• **Your assignment**
Each line of data below must be printed exactly as written, with any pictures removed.

• **Data section**
=====

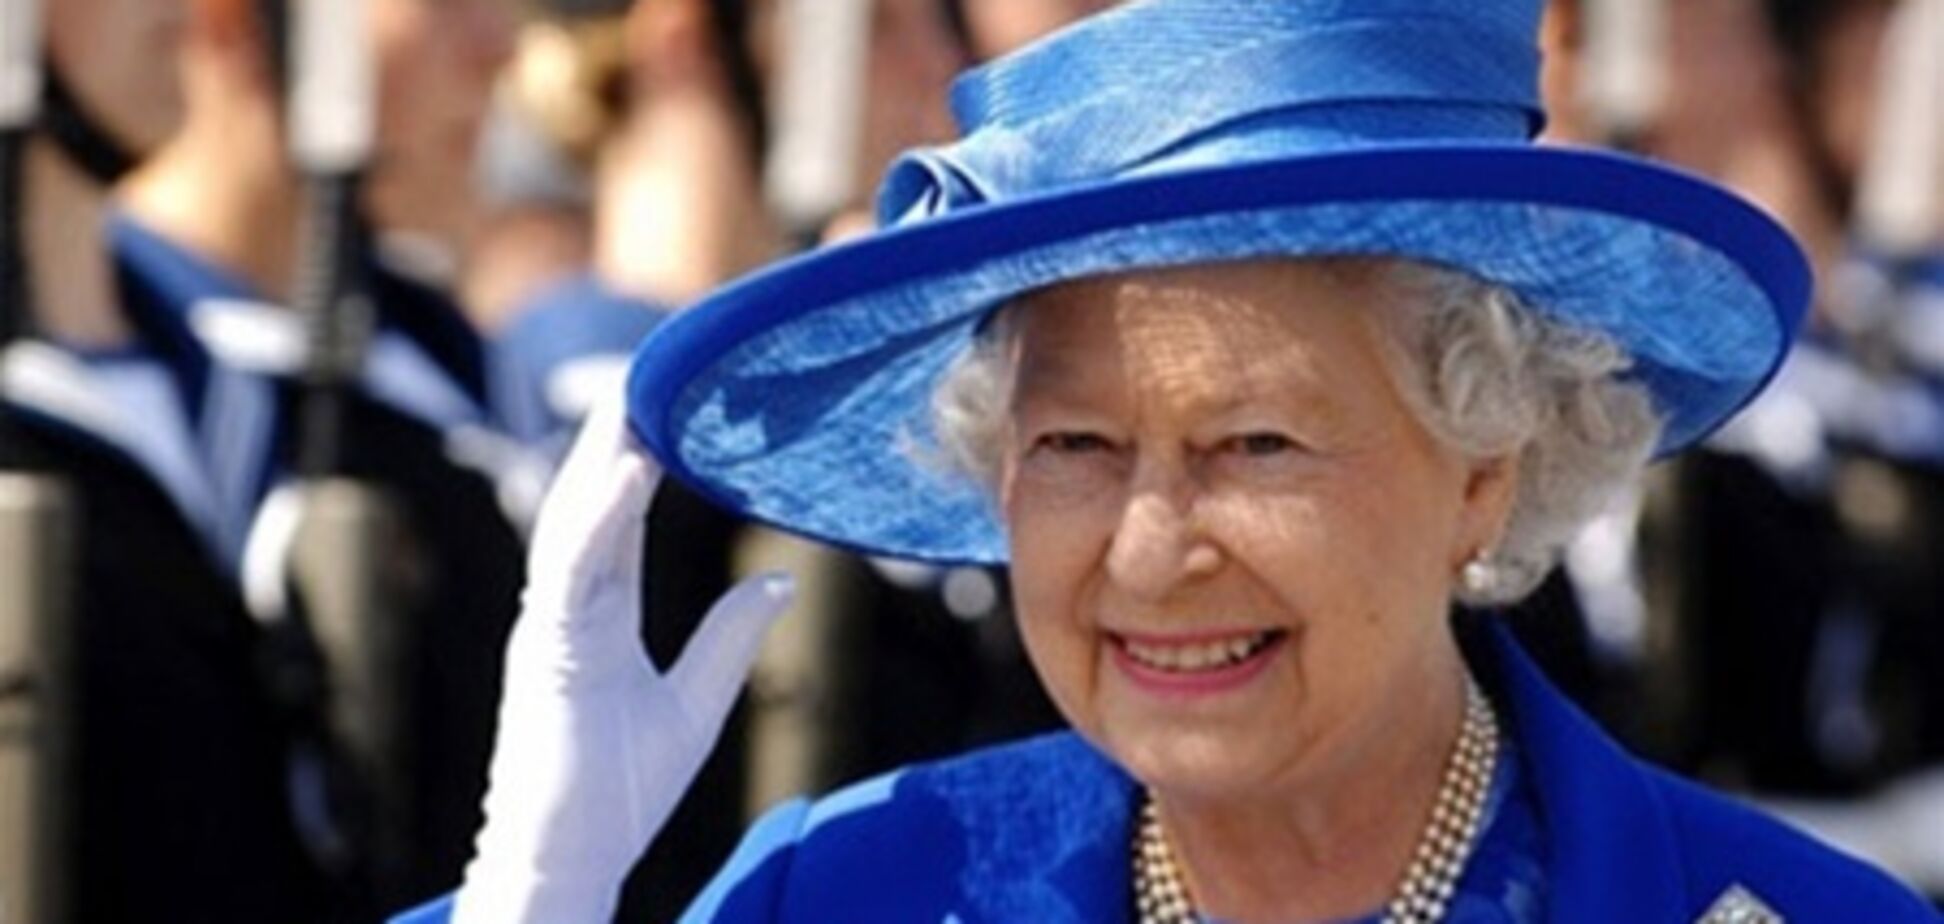 Єлизавета II відзначила 60-ту річницю коронації в колі сім'ї
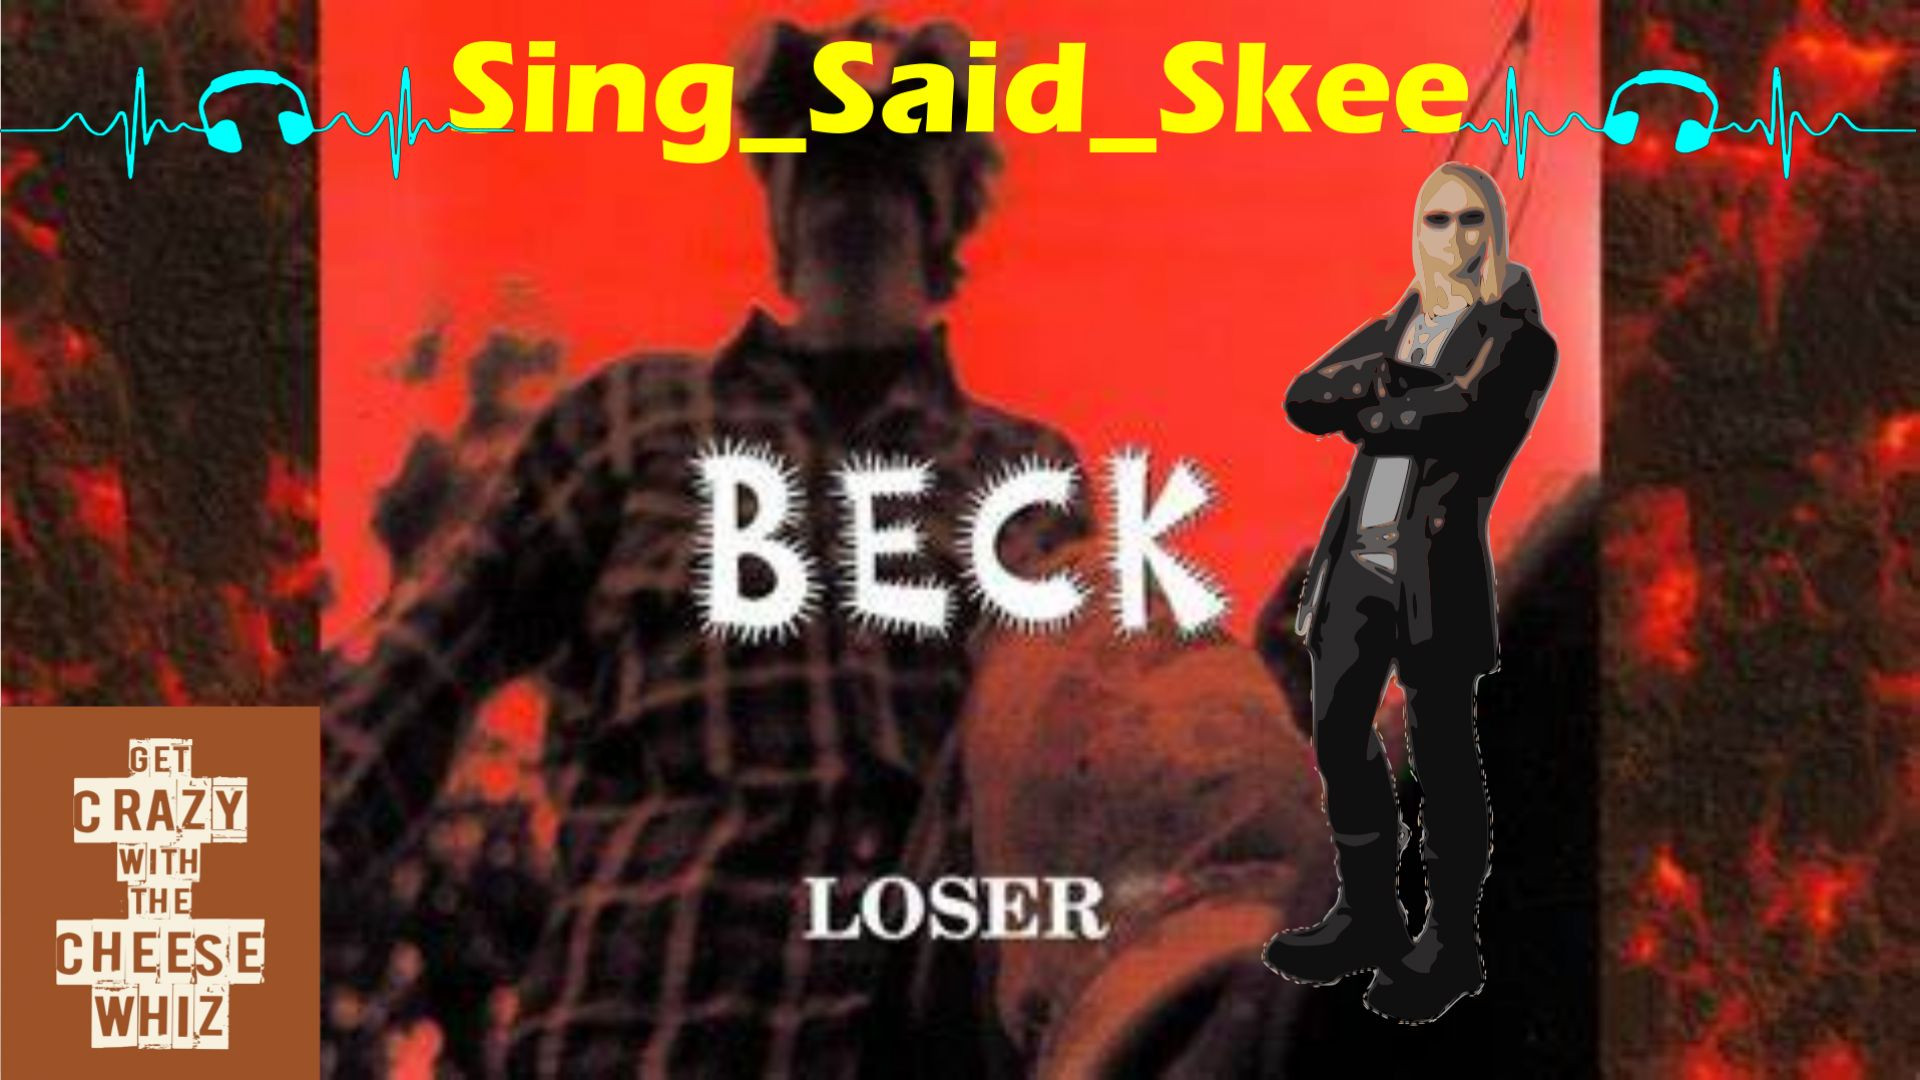 Loser - Beck - Sing_Said_Skee
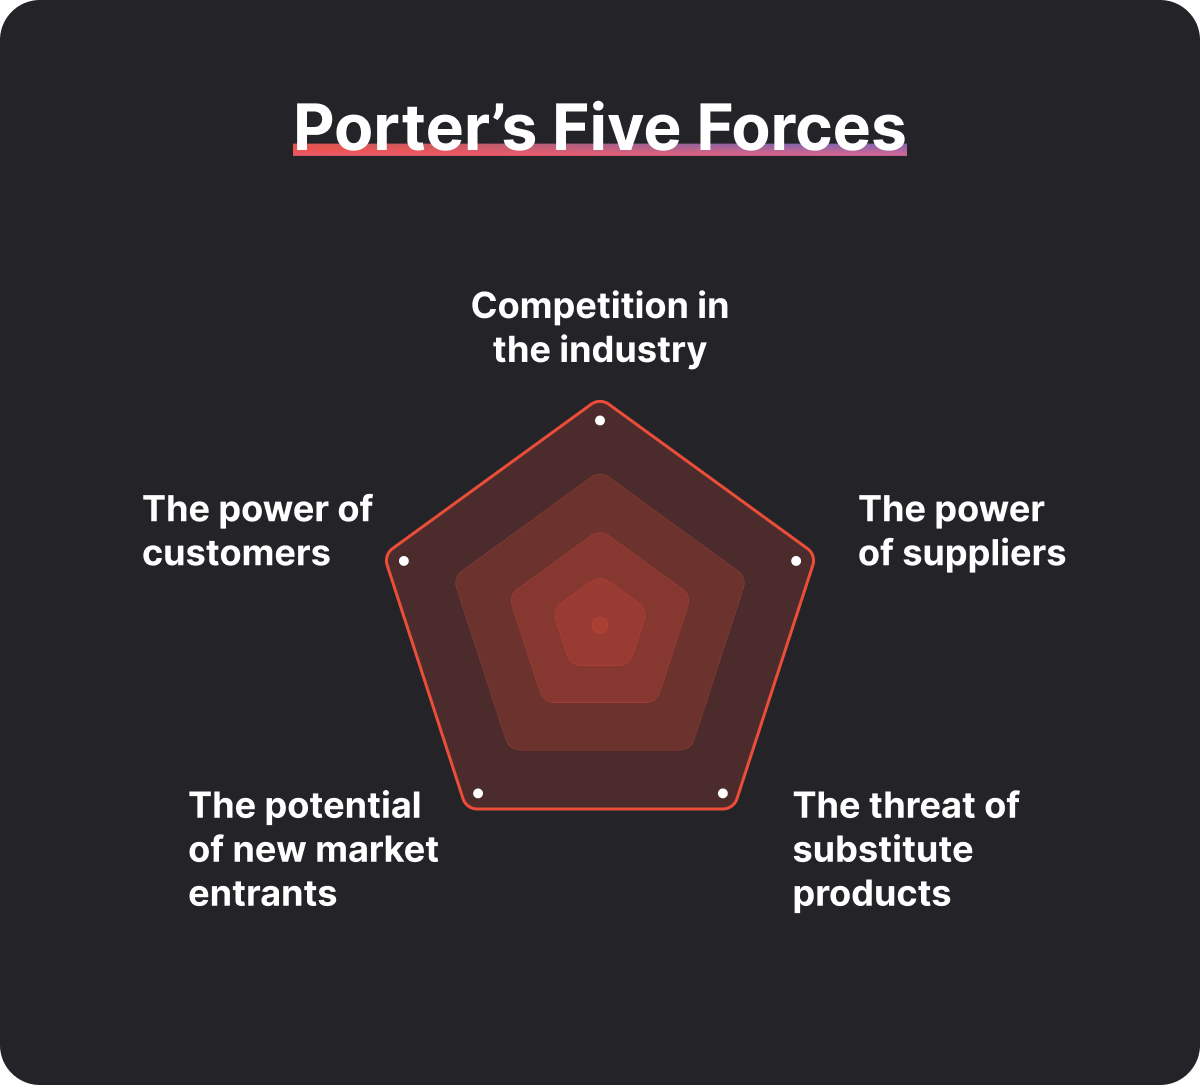 Illustration of Porter's Five Forces
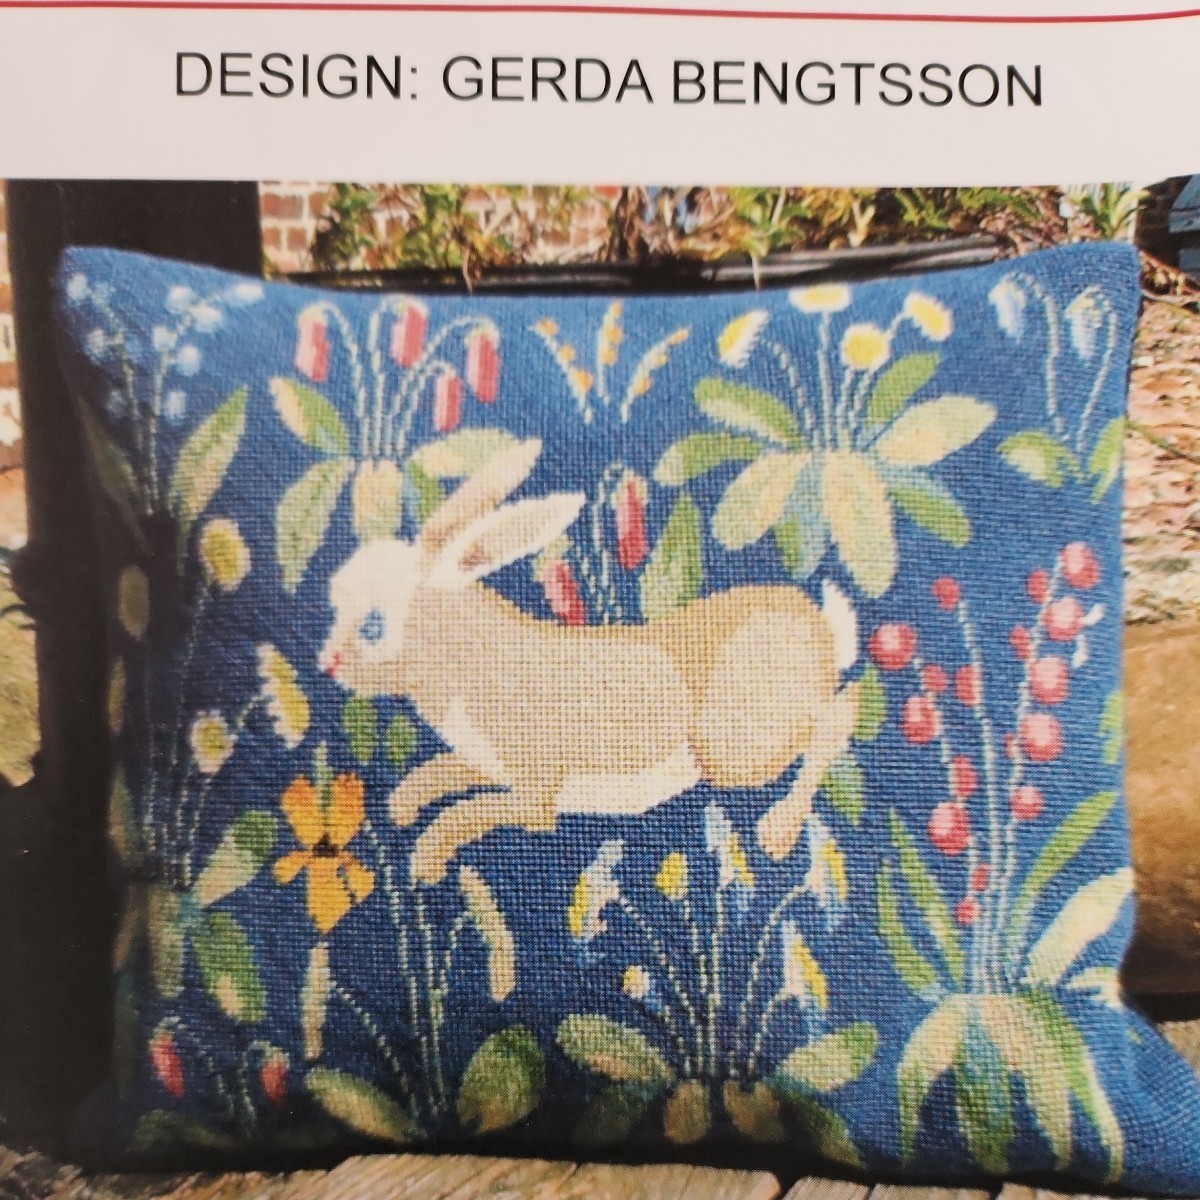 Gerda Bengtsson※　ウール刺繍キット　※デンマーク　フレメ※32×37cm※ゲルダ ベングトソン※ウサギと植物※

=====

• **Completed exercise**
 Єлизавета II відзначила 60-ту річницю коронації в колі сім'ї
 Loser - Beck - Sing_Said_Skee
 Illustration of Porter's Five Forces
 Gerda Bengtsson※　ウール刺繍キット　※デンマーク　フレメ※32×37cm※ゲルダ ベングトソン※ウサギと植物※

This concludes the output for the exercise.